When we had the lunchtime meeting with MADE that James has blogged about, I mentioned a project that the World Bank have been funding in the Congo. Essentially locals are given ruggedised handheld computers with a very simple interface whereby they can record the location of certain areas which they value in different ways. The data gathered can then be used to inform activities in the area by outsiders (particularly logging).
I mentioned this to Julia because it occured to me that we could do something similar for the Eastside Laboratory, setting up some PDAs so that participants can go out and do some simple mapping without having to be taught how to use GIS software.
Steph from MADE had already put me onto Mediascapes and I've been playing with it a little bit. It has the advantage of not taking up a lot of memory and being free to download and install - it even works with mobile phones if you've got a particularly flash one.

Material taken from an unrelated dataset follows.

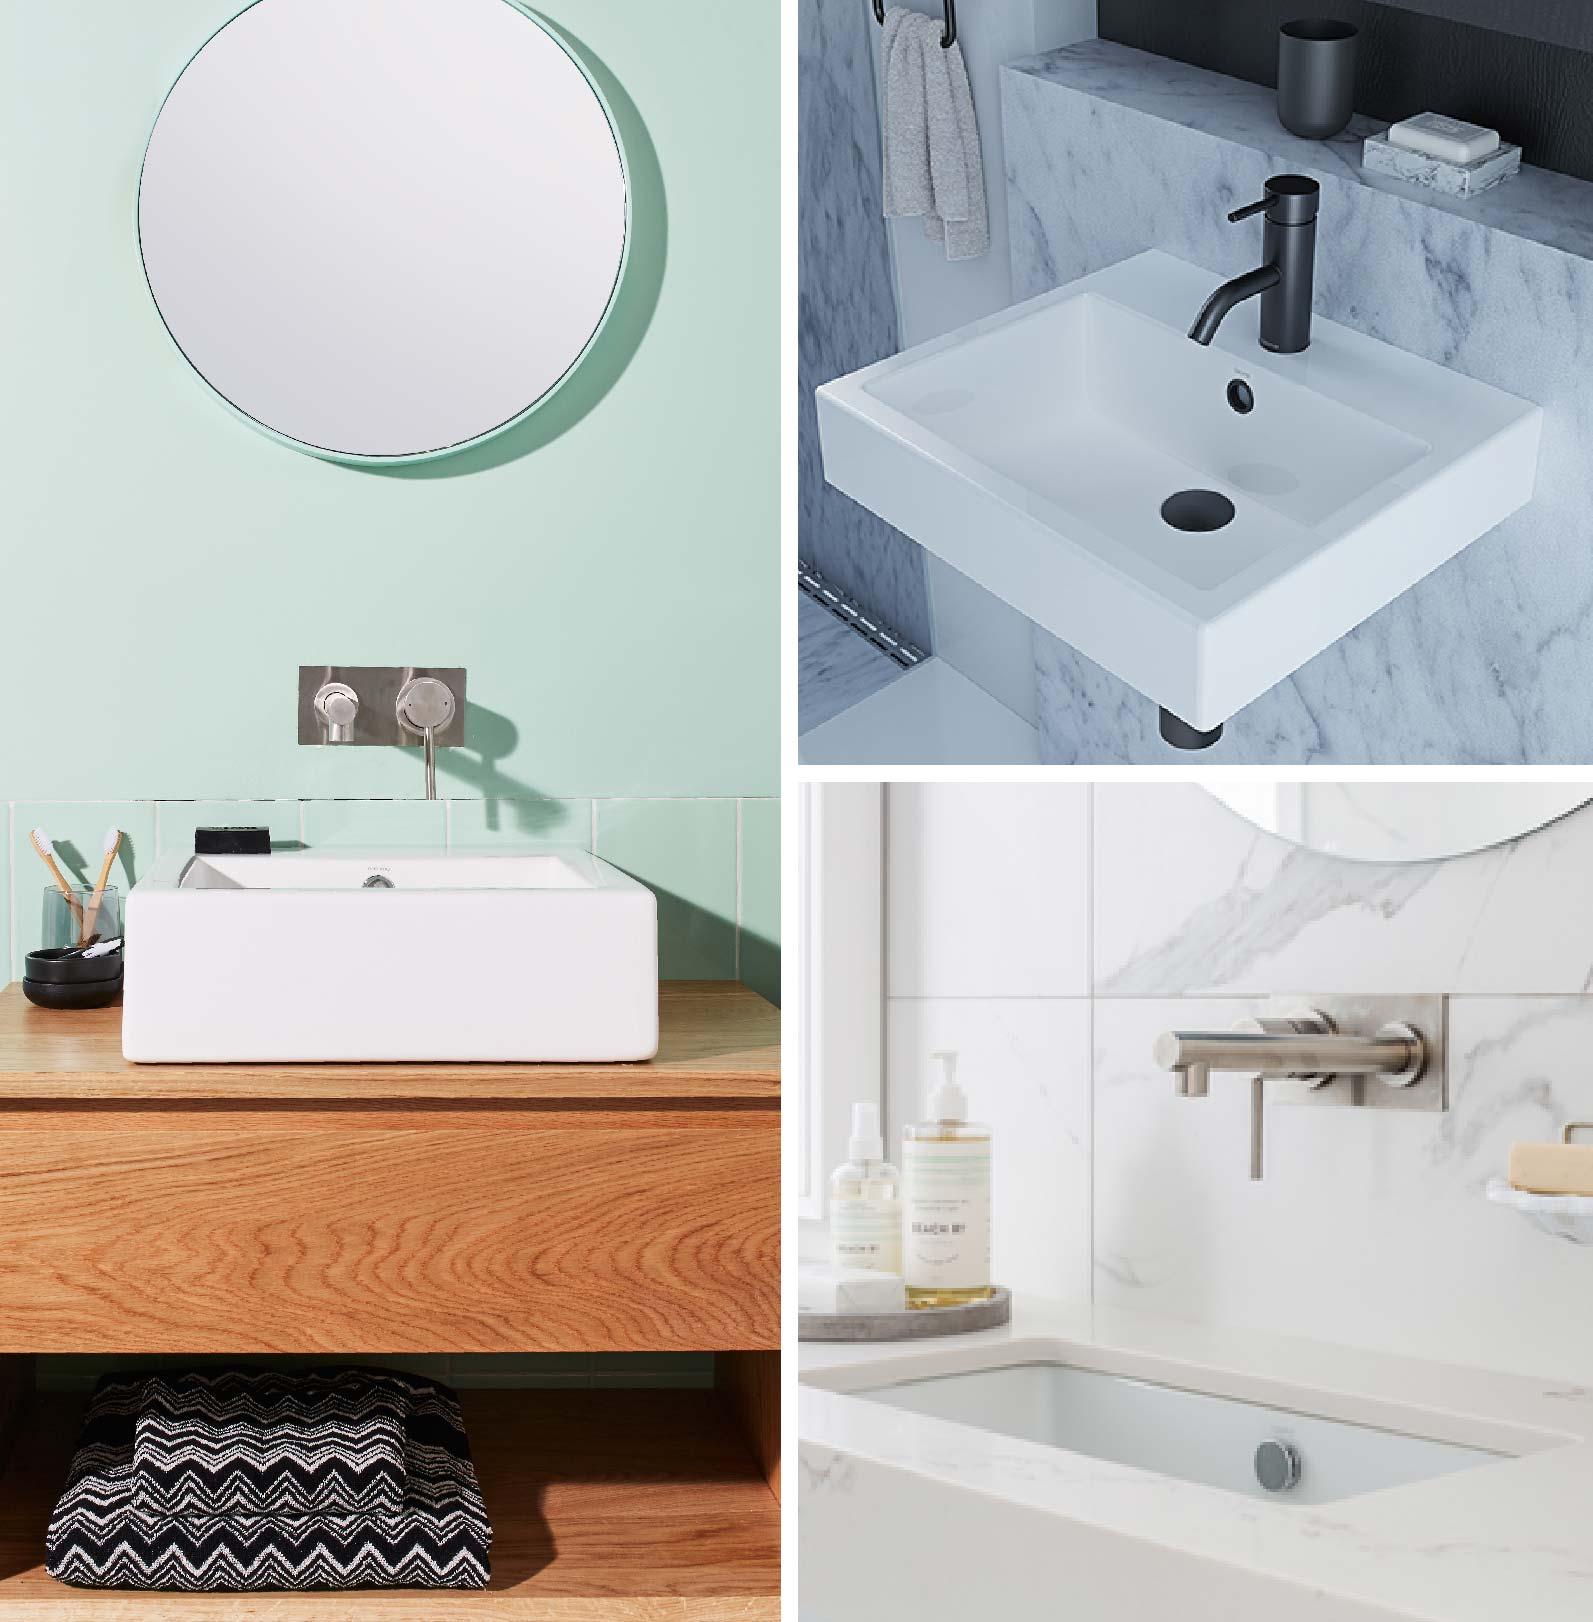 The basics of choosing a basin for your bathroom

So, having spent the weekend finishing off my marking, I settled down earlier this week to play with the software.
Basically you can write your own 'mediascapes' which people then download and 'play' on their own devices. You need a little bit of knowledge of scripting using Java which, frankly, I don't have, but figured out enough to get something basic working. Essentially I had a little map on the screen of the Eastside area and a little man walks around the map as you walk around following you using GPS. I programmed the mediascape to record all the GPS locations and also record every time you press the up or down button on your handheld computer. Up and down could be used to stand for anything that you want people to record (happy/sad, safe/scared, interested/bored), but I decided to try out 'like/dislike'.
So on Thursday James & I went down to Eastside because we were hooking up with Steph who is project managing us at MADE. We dragged Steph out of the office - since she put me onto the Mediascapes software in the first place - and made her our guineapig logging the areas she likes and dislikes in Eastside. This map is the result of her walk around the area.

It's quite an interesting exercise, though if you only have one person doing it, it becomes a bit arbitrary. What is it that has made one area particularly likeable and another not. I took the log file from the Mediascape and put it into my GIS over lunch and got Steph to discuss why she'd logged in certain ways in certain areas. Which is fair enough, but as James pointed out, it would be kinda interesting to get, say, a hundred people to do this and then you could start to identify broader patterns of likes and dislikes (or whatever else you asked people to record).
Certainly Steph reported that it was a very easy exercise to undertake. In fact she was doing it as we were walking along talking about the project and also stopping every now and again taking decibel readings to add to our background noise map. It would certainly be an interesting thing to do with groups wandering around.
We subsequently had another meeting with Ken Mossman and also Nick Bird from ISIS on Friday morning and showed them this exercise. As Ken pointed out, there are issues about precisely what people are looking at when they log a particular feeling, but there are ways around this. One could use a helmet mounted camera to record video footage of where a participant was looking, or even use a device with an inbuilt camera to ask people to take pictures of things they like/don't like. Still, it's an interesting principle to have established and it will be quite nice to do something more with this.